9th President of Hebrew Union College - Jewish Institute of Religion
- In office January 1, 2014 – May 5, 2018
- Preceded by: David Ellenson
- Succeeded by: David Ellenson (interim) Andrew Rehfeld

Personal details
- Born: May 19, 1964 New York City, New York, U.S.
- Died: May 5, 2018 (aged 53) Middletown, New York, U.S.
- Cause of death: Plane crash
- Spouse: Lisa Messinger ​(m. 1992)​
- Education: Johns Hopkins University New York University

= Aaron D. Panken =

American Reform rabbi

Aaron D. Panken (May 19, 1964 – May 5, 2018) was an American Reform rabbi and academic administrator. He served as the 9th president of the Hebrew Union College-Jewish Institute of Religion.

==Early life==
Panken was born on May 19, 1964, in New York City, New York. He graduated from Johns Hopkins University, where he earned a bachelor's degree in electrical engineering. He also earned a doctorate in Hebrew and Judaic Studies from New York University. He married Lisa Messinger in 1992.

==Career==
Panken was ordained by the HUC-JIR in New York in 1991 and joined the faculty there in 1995. He was installed as the president on June 8, 2014 and led the organization that has 4,000 active alumni who served the estimated 1.5 million adherents of Reform Judaism in some 900 congregations.

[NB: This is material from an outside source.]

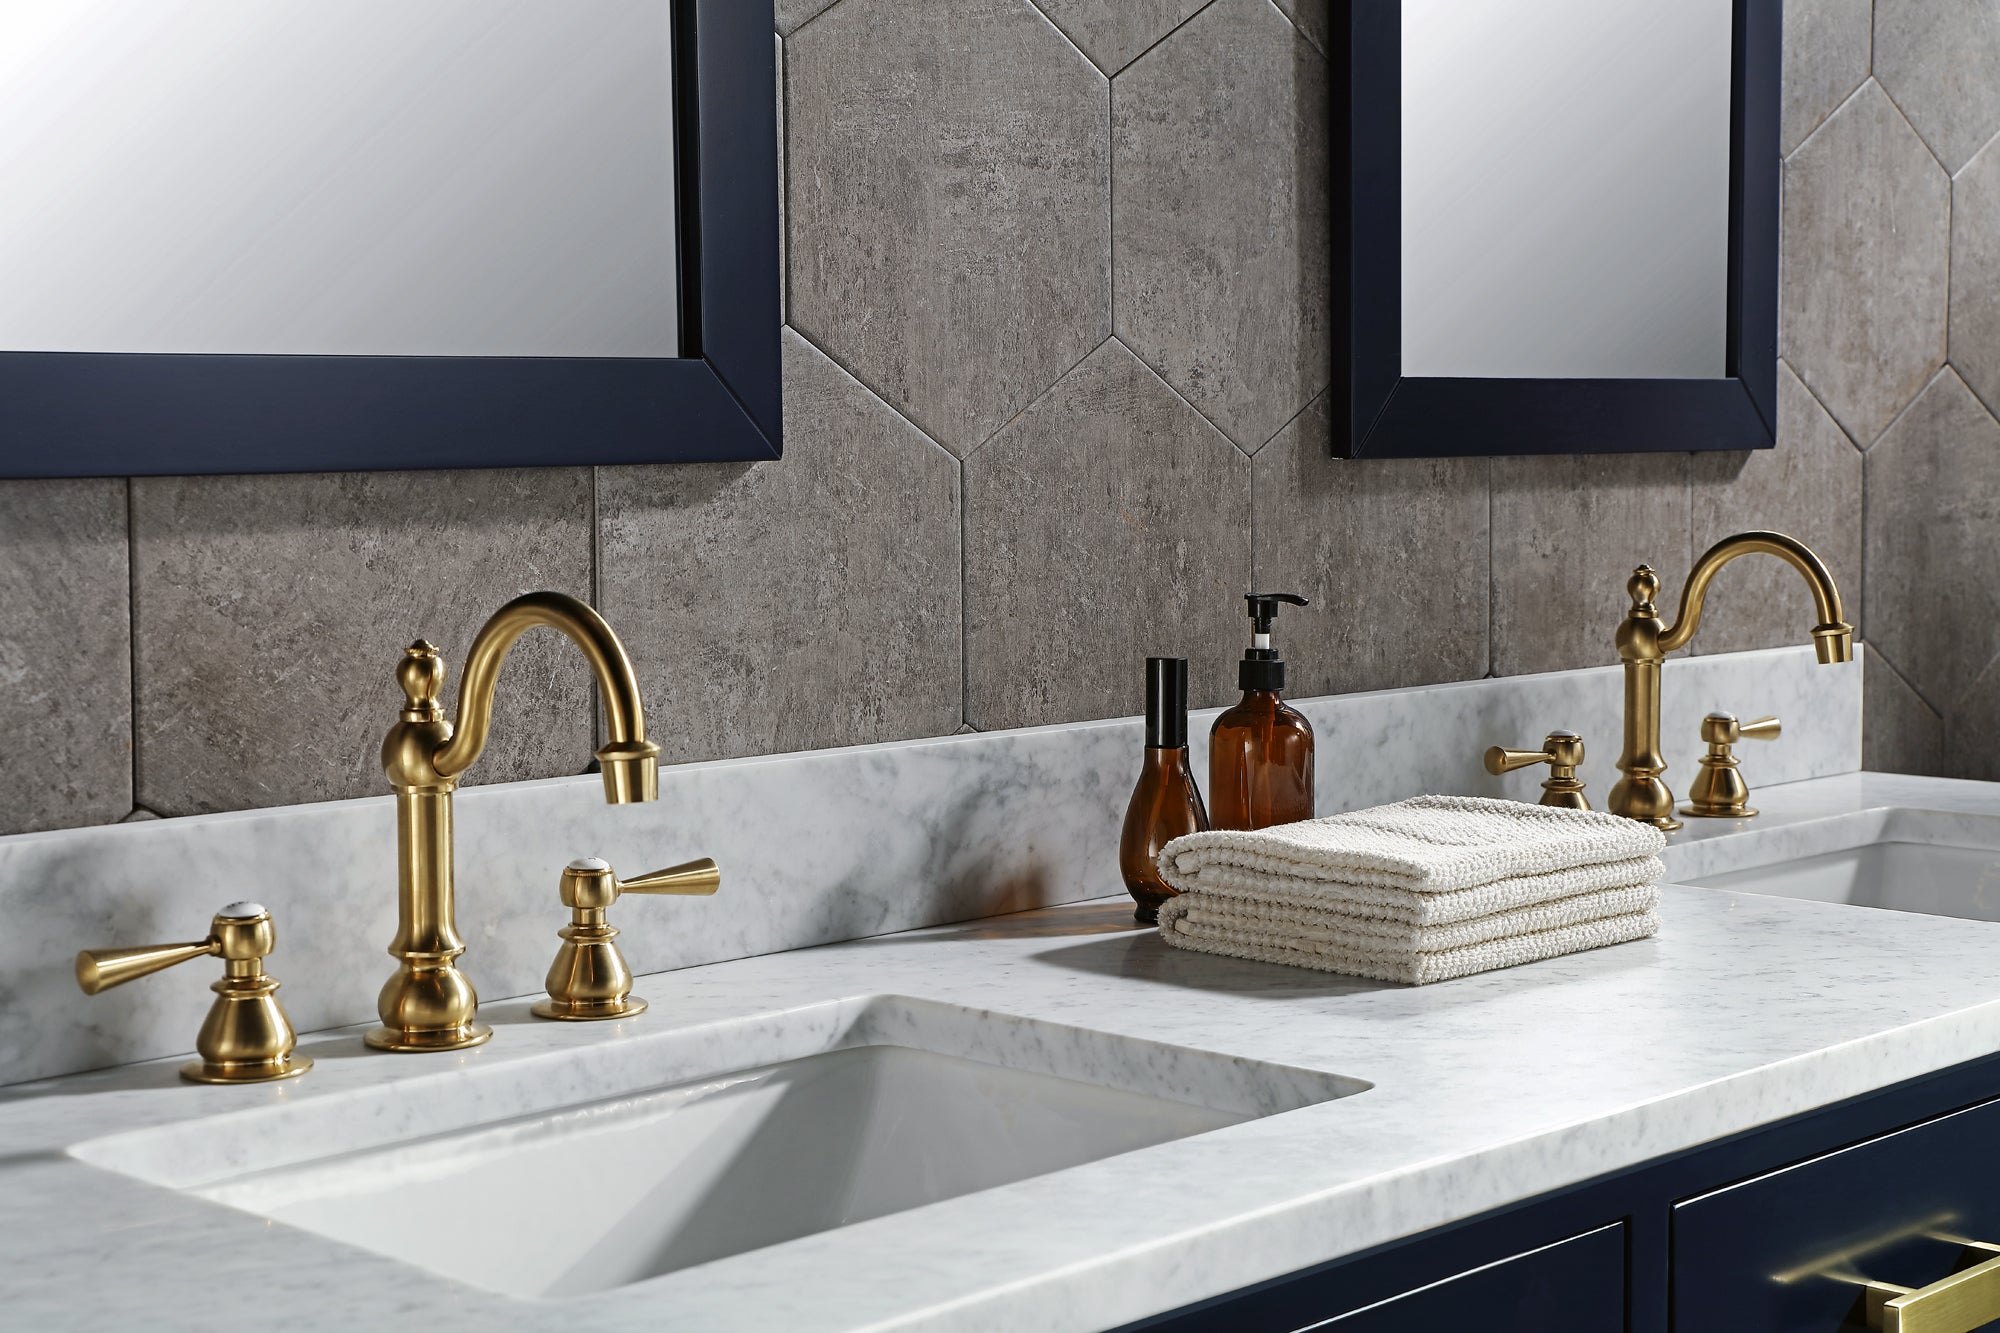 Water Creation | Madison 72-Inch Double Sink Carrara White Marble Vanity In Monarch Blue With Matching Mirror(s) and F2-0012-06-TL Lavatory Faucet(s) | MS72CW06MB-R21TL1206

Panken was a rabbi, scholar, teacher and Reform Jewish leader for almost three decades. He spoke as an invited scholar through the years at congregational and university communities throughout the United States and Israel, at Jewish camps in North America and South Africa and at locations such as the University of Sydney and the University of Nanjing. He was a certified commercial pilot and sailor.

==Death==
Panken was killed in a plane crash on Saturday, May 5, 2018, at Randall Airport, in Middletown, New York, during a routine flight check with an instructor. Upon hearing of his death, many tributes appeared from around the world including from Israel's consul general in New York, Dani Dayan, Rabbi Jonah Pesner and many others. Dan Shapiro, the former U.S. Ambassador to Israel, said that Panken was a "brilliant Jewish leader."